With microstate accouning, the counters are updated with each state transition as they occur in real time. This results in much more accurate, if more expensive, accounting information. Previously, you could turn this on through the /proc interfaces (proc(4)) using the PR_MSACCT control. This has since become a no-op; you cann’t disable microstate accounting in Solaris 10.
The clock-based sampling method has several drawbacks. One is that it is only a guess for rapidly transitioning threads. If you’re going between system and user mode faster than once every 10 milliseconds, the clock will only account for a single state during this time period. Even worse is the fact that it can miss threads entirely if it catches a CPU in an idle state. If you have a thread that wakes up every 10 milliseconds and does 9 milliseconds of work before going to sleep, you will never account for the fact that it is using 90% of the CPU2.

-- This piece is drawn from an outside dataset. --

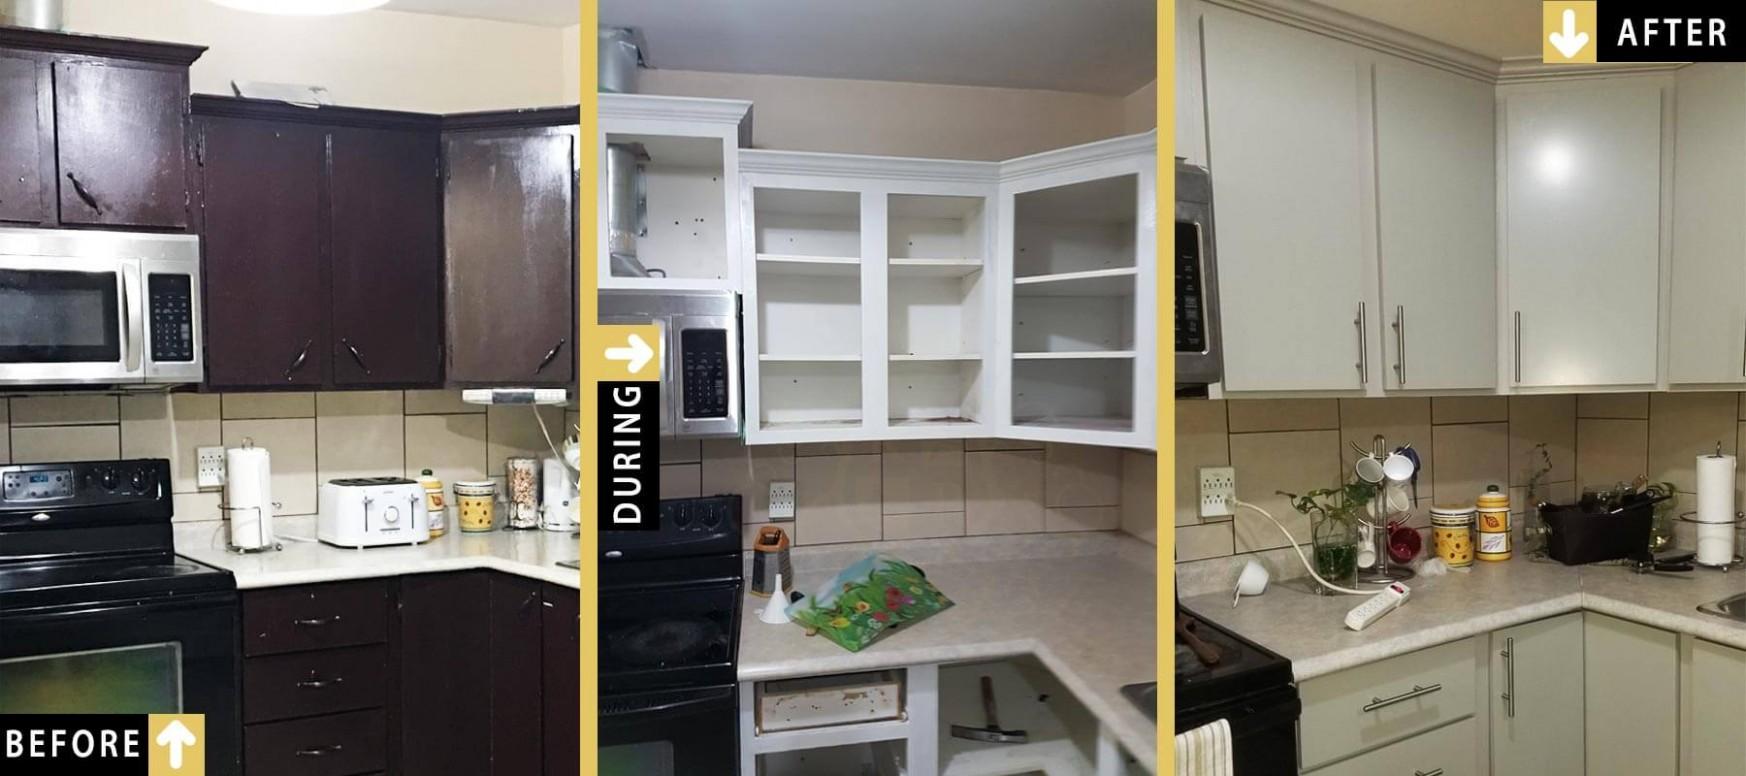 Toronto Kitchen Cabinets Spray Painting Gallery – Royal Home  - Kitchen Cabinet Painting Toronto

These ‘phantom’ threads can hide from traditional process tools. The now-infamous gtik2_applet2 outlined in the DTrace USENIX paper is a good example of this. These inaccuracies also affect the fair share scheduler (FSS(7)), which must make resource allocation decisions based on the accuracy of these accounting statistics.
With microstate accounting, all of these artifacts disappear. Since we do the calculations in situ, it’s impossible to “miss” a transition. The reason we haven’t always relied on microstate accounting is that it used to be a fairly expensive process. Threads transition between states with high frequency, and with each transition we need to get a timestamp to determine how long we spent in the last state.

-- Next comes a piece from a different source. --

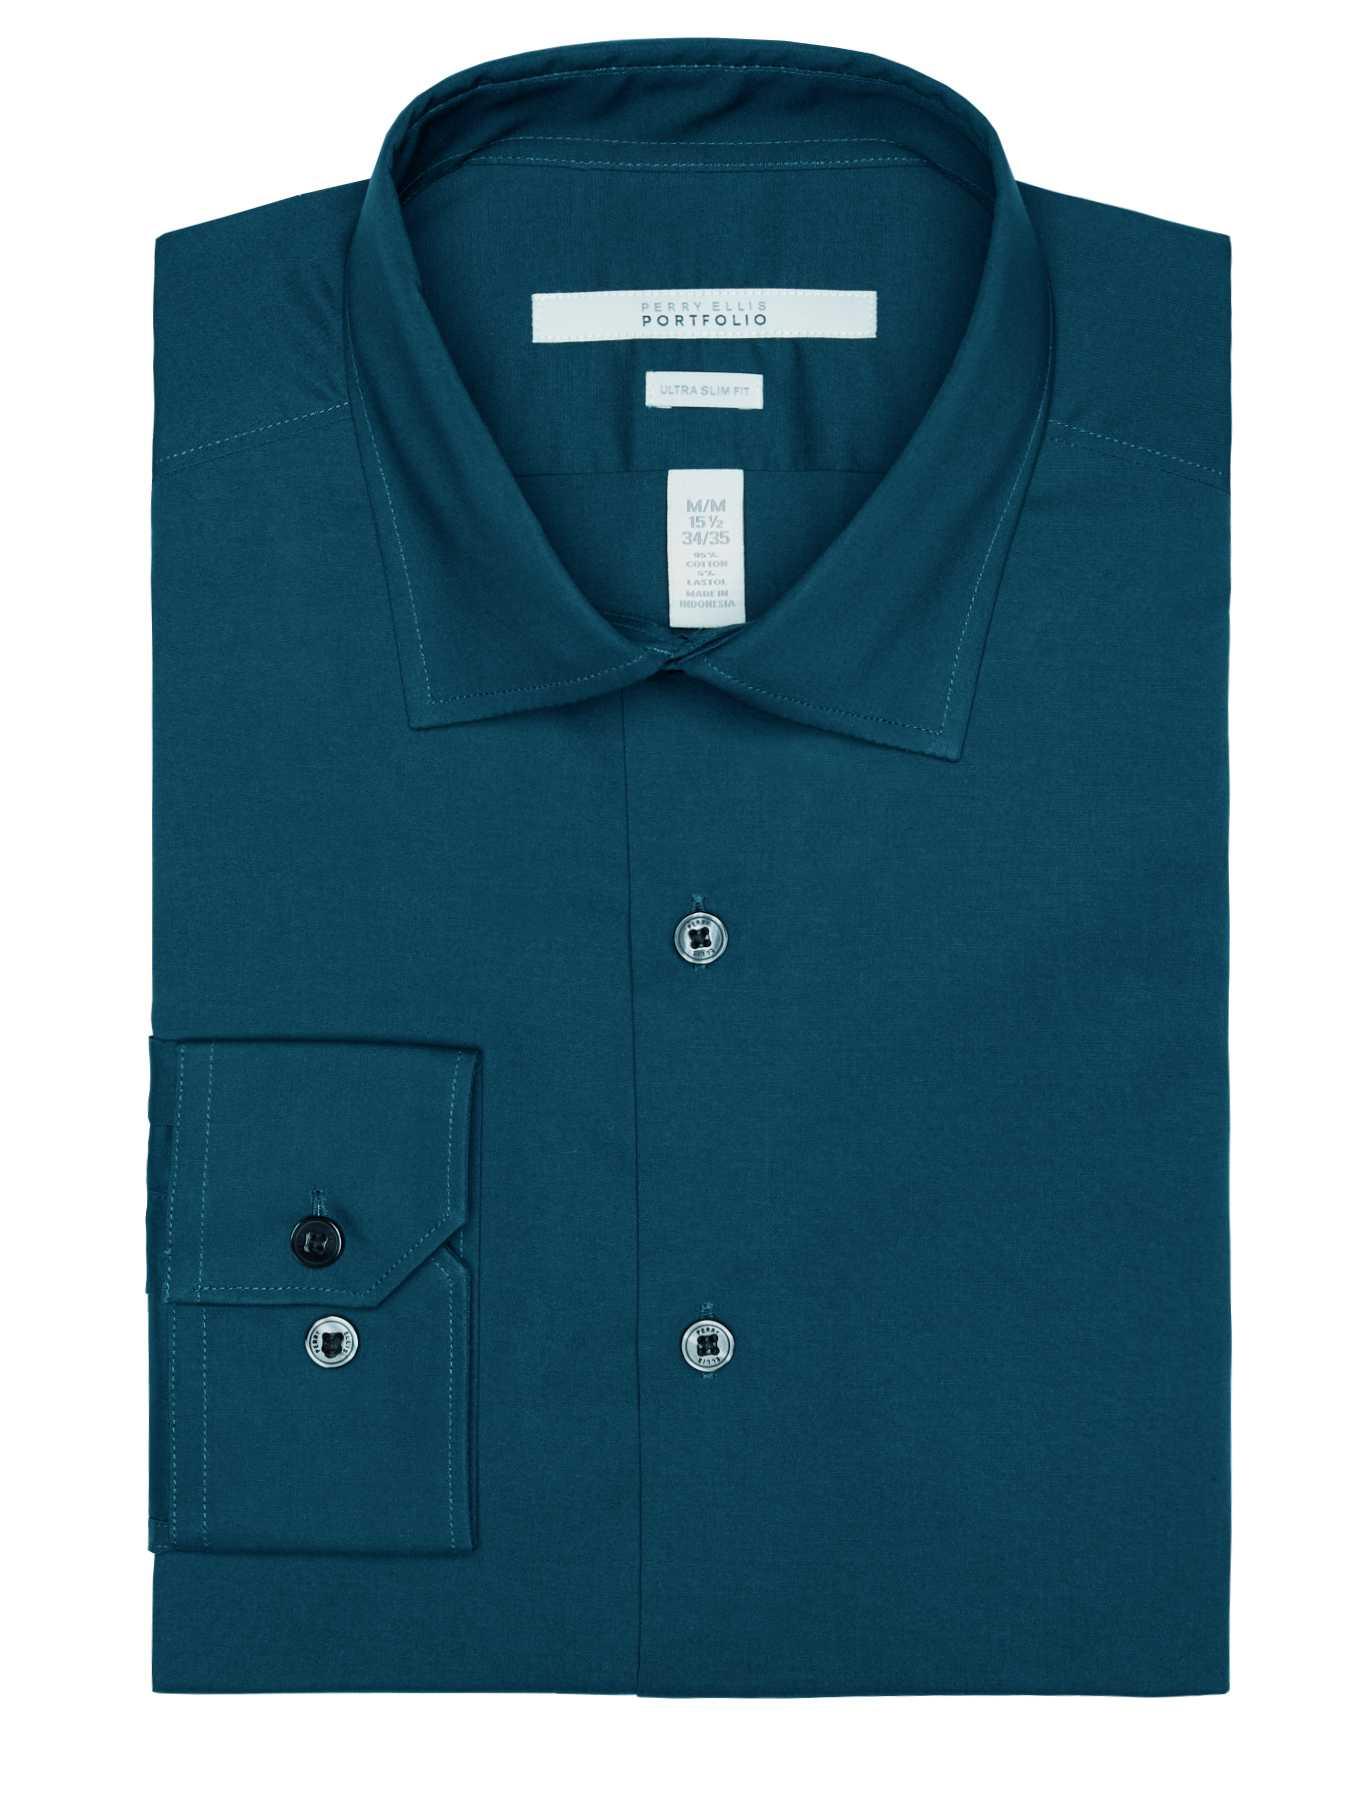 Perry Ellis Ultra Slim Solid Dress Shirt

The key obversation that made this practical is that the expensive part is not reading the hardware timestamp. The expensive part is the conversion to nanoseconds – clock ticks are useless when doing any sort of real accounting. The solution was to use clock ticks for all the internal accounting, and only do the conversion to nanoseconds when actually requested. With a few other tricks, we were able to reduce the impact to virtually nil. You can see the difference in micro-benchmark performance of short system calls (such as getpid(2)), but it’s unnoticeable in any normal system call (like read(2)), and nonexistent in any macro benchmark.

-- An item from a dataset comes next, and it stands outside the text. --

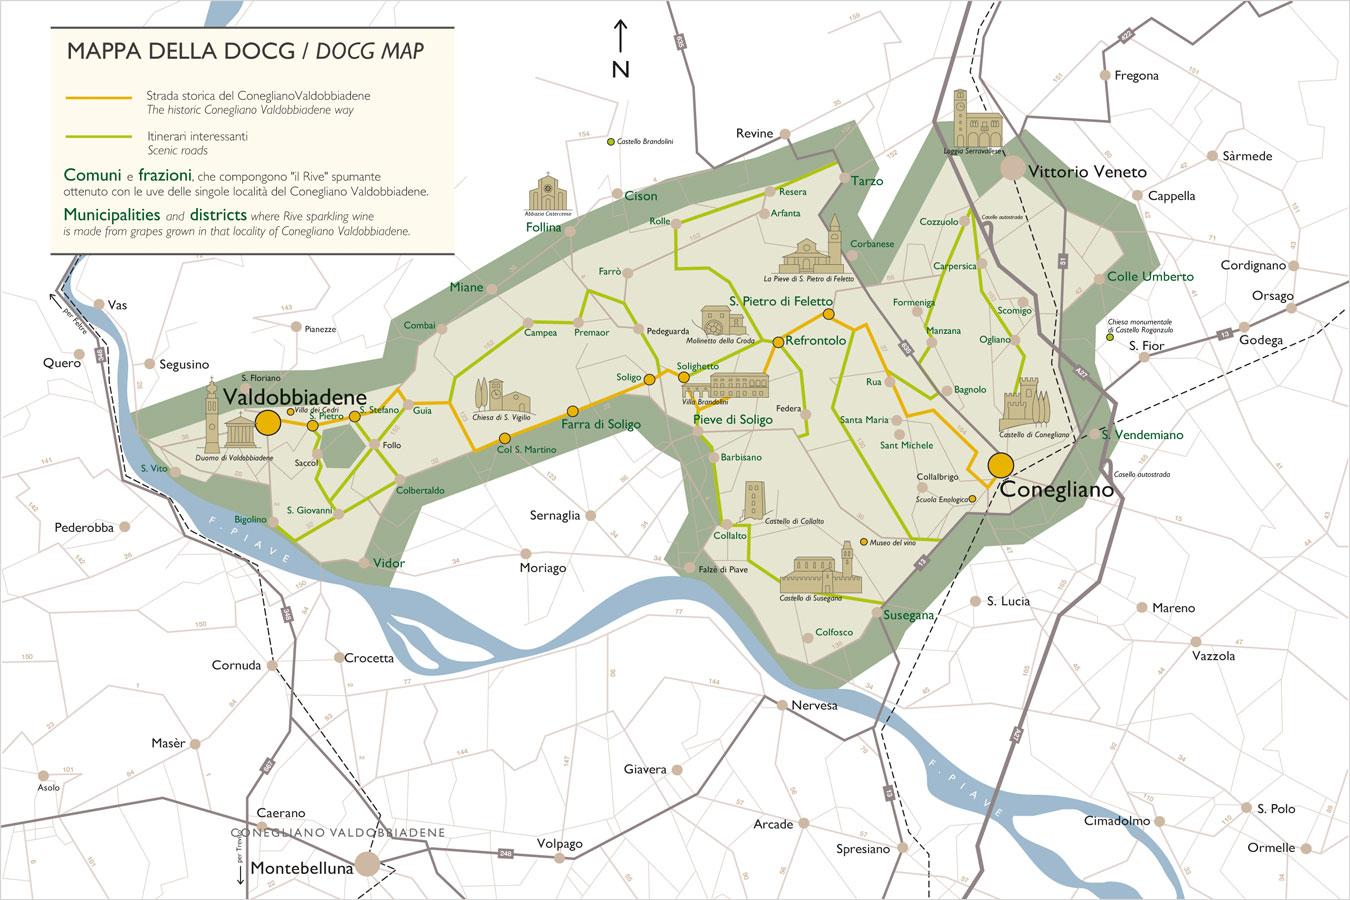 DOC and DOCG Zones

All the great benefits of microstate acocunting at a fraction of the price.
1 The clock function is actually a consumer of the cyclic subsystem – a nice callout mechanism written by Bryan back in Solaris 8. Certainly worth a post of its own in the future.
2This is especially true on x86, because historically the hardware clock has been the source of all timer activity. This means every thread ran lockstep with the clock with respect to timers and wakeups. This has been addressed in Solaris 10 with the introduction of arbitrary precision timer interrupts, which makes the cyclic subsystem far more interesting on x86 machines (Solaris SPARC has had this functionality for a while).